Maybe even perfect if the place gets blown to pieces in the middle of her speech.

“Fellow citizens of the Alliance,” she began. “I am sorrowed to tell you that our Vice President, Kirk Olmstead, has died.”

Hektor looked with raised brow over to his ministers. They both nodded in quiet confirmation, then focused back on the broadcast. Hektor watched in morbid fascination. Not only was the news of obvious interest to him, but now even more so was the bearer of that news. He couldn’t take his eyes off her. Her every nuance, inflection, and motion transfixed him much in the way a hunter might stalk its prey. Her performance was clearly rehearsed; that much was obvious. He knew it because he recognized the mannerisms, had used any number of them himself. There came a dawning realization, as if briefly noting one’s reflection in the murky waters of pond, that there was some of her in him. O’Toole had to have known what a worm Olmstead was, had to have hated and mistrusted the man as much as Hektor had. Yet Hektor could not detect anything other than abject sorrow in Sandra’s voice.
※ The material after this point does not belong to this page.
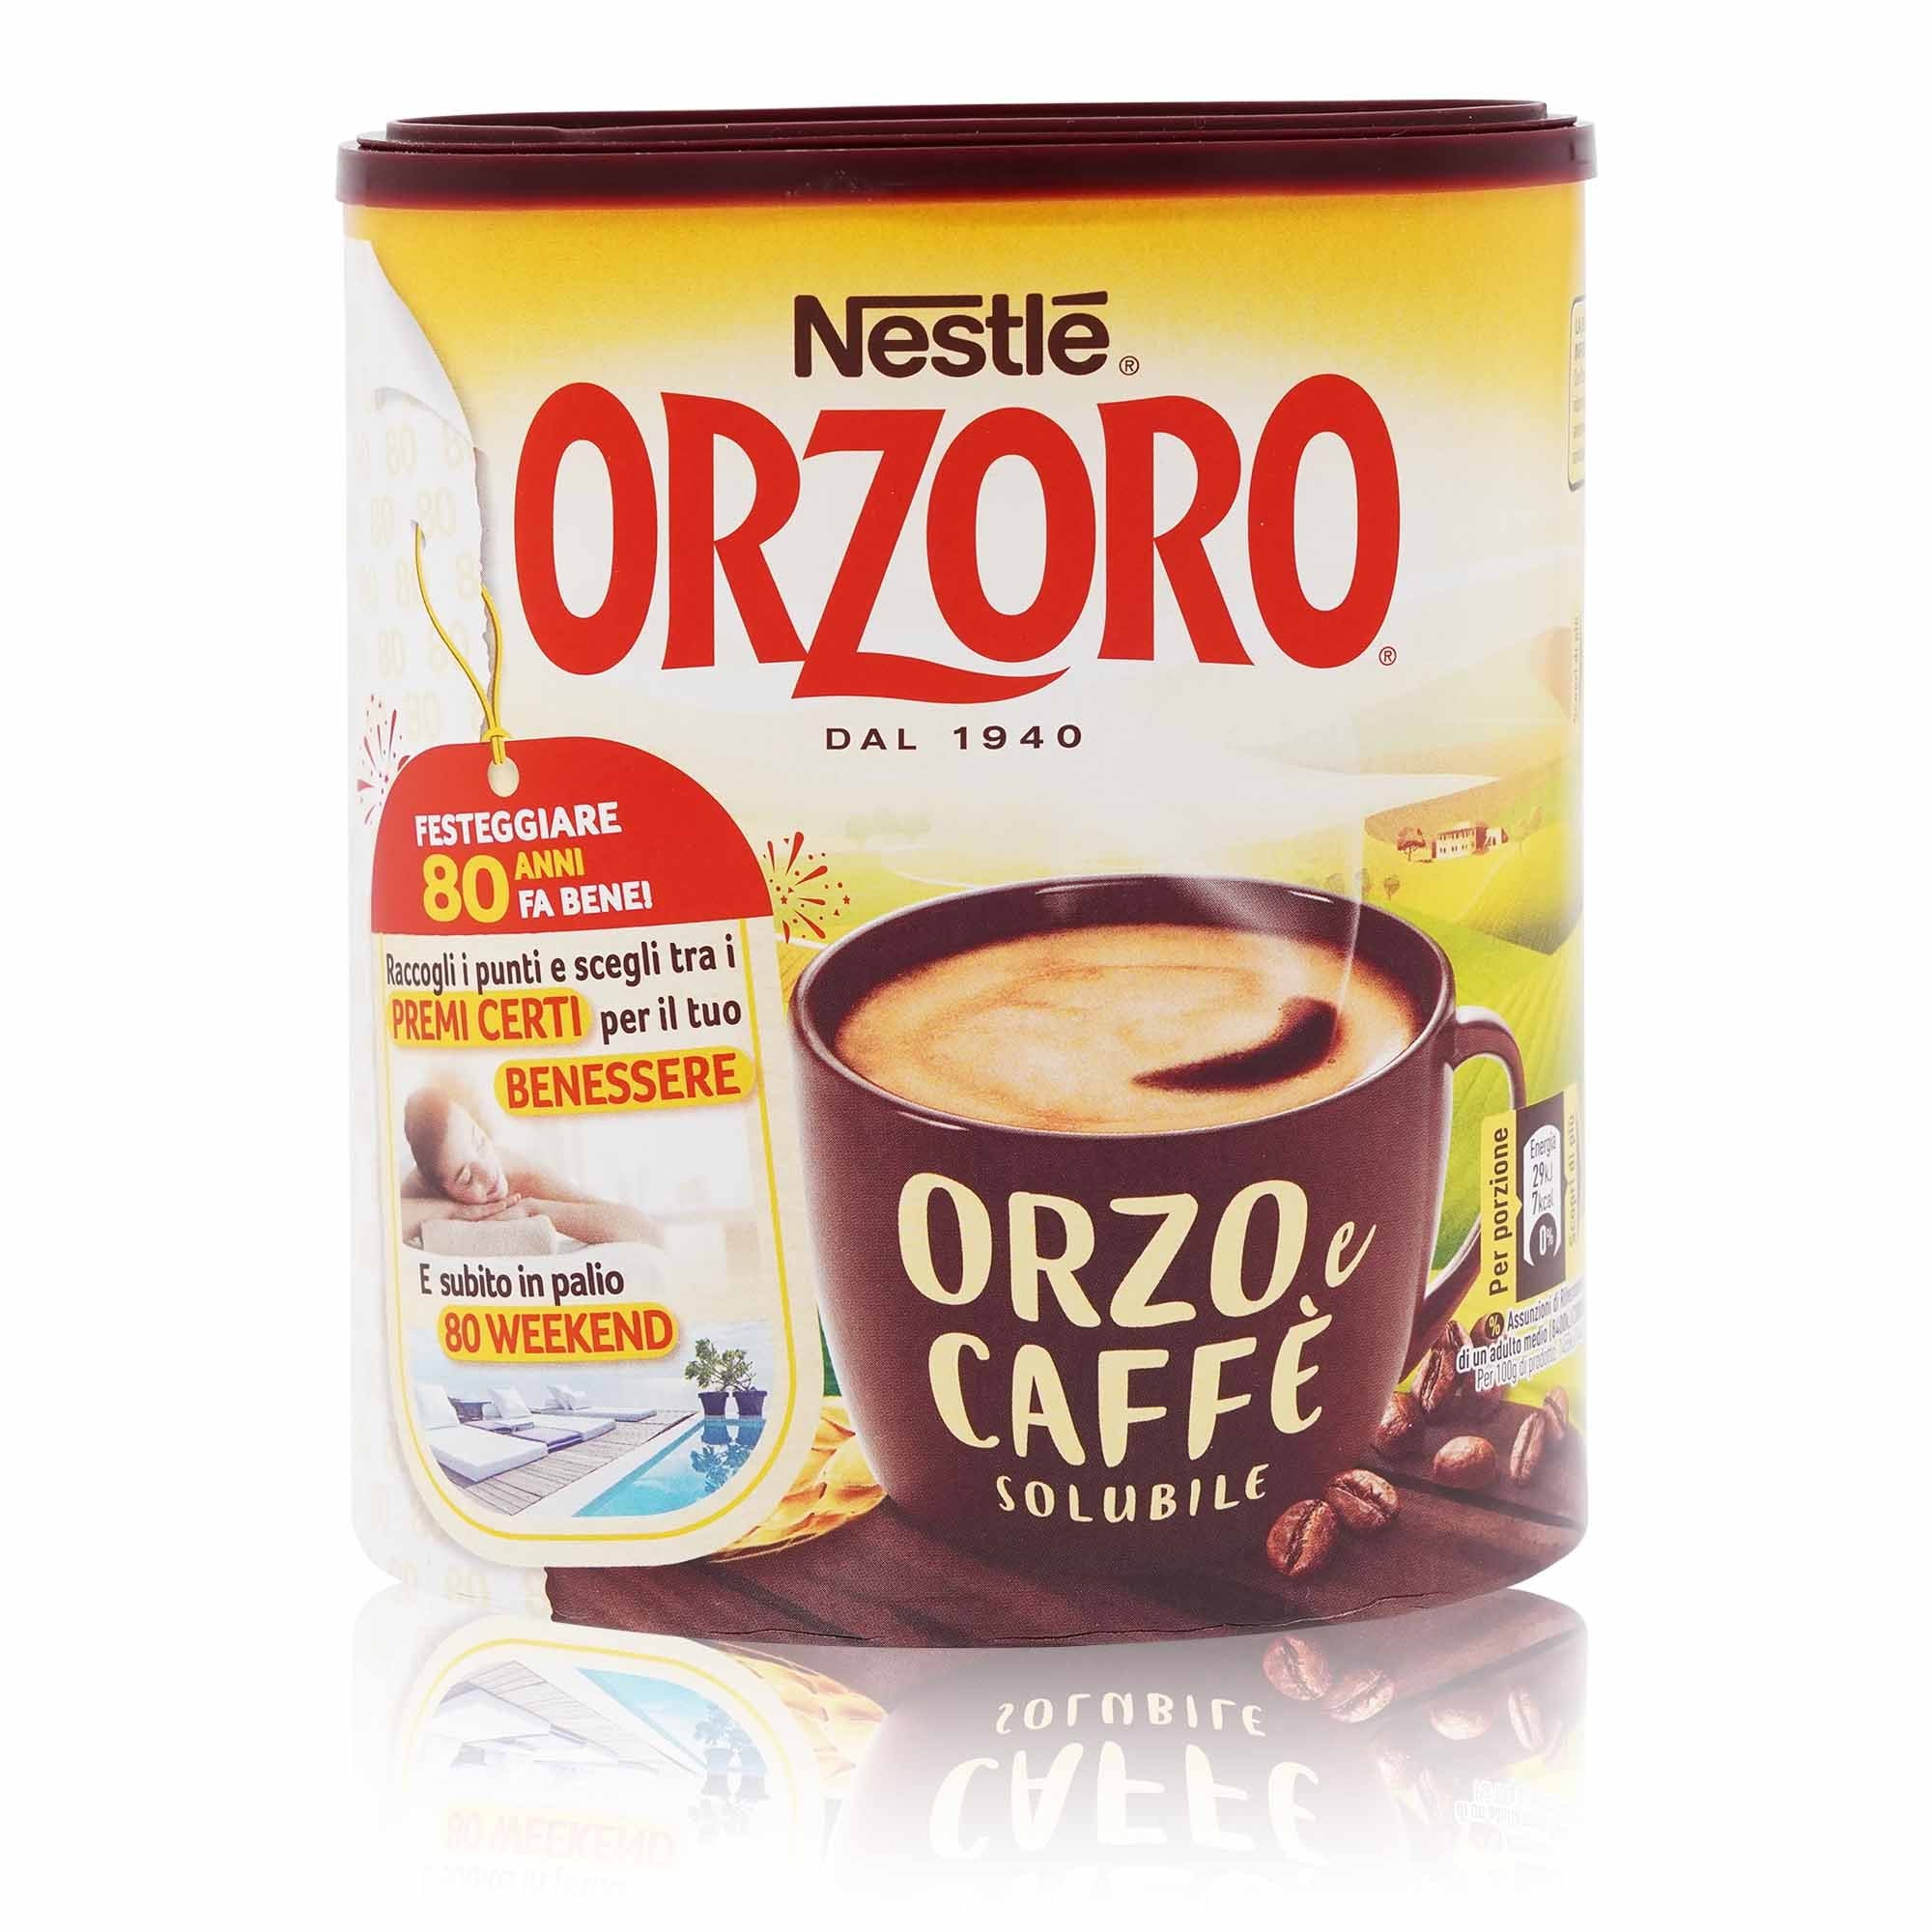 ORZORO Orzo e caffè solubile  – Gerste und Kaffee löslich ORZORO - 0,12kg

“That this comes right after the loss of Hildegard Rhunsfeld,” bemoaned the President of the Outer Alliance, “our beloved and ingenious Secretary of Technology, is a grievous blow. The enemies of freedom have struck and, make no mistake, will continue to strike at anyone who dares fight against the slave collar of incorporation!” After a moment of muted cheers, Sandra continued. “Kirk—” She choked, then paused, steadying herself against the dais.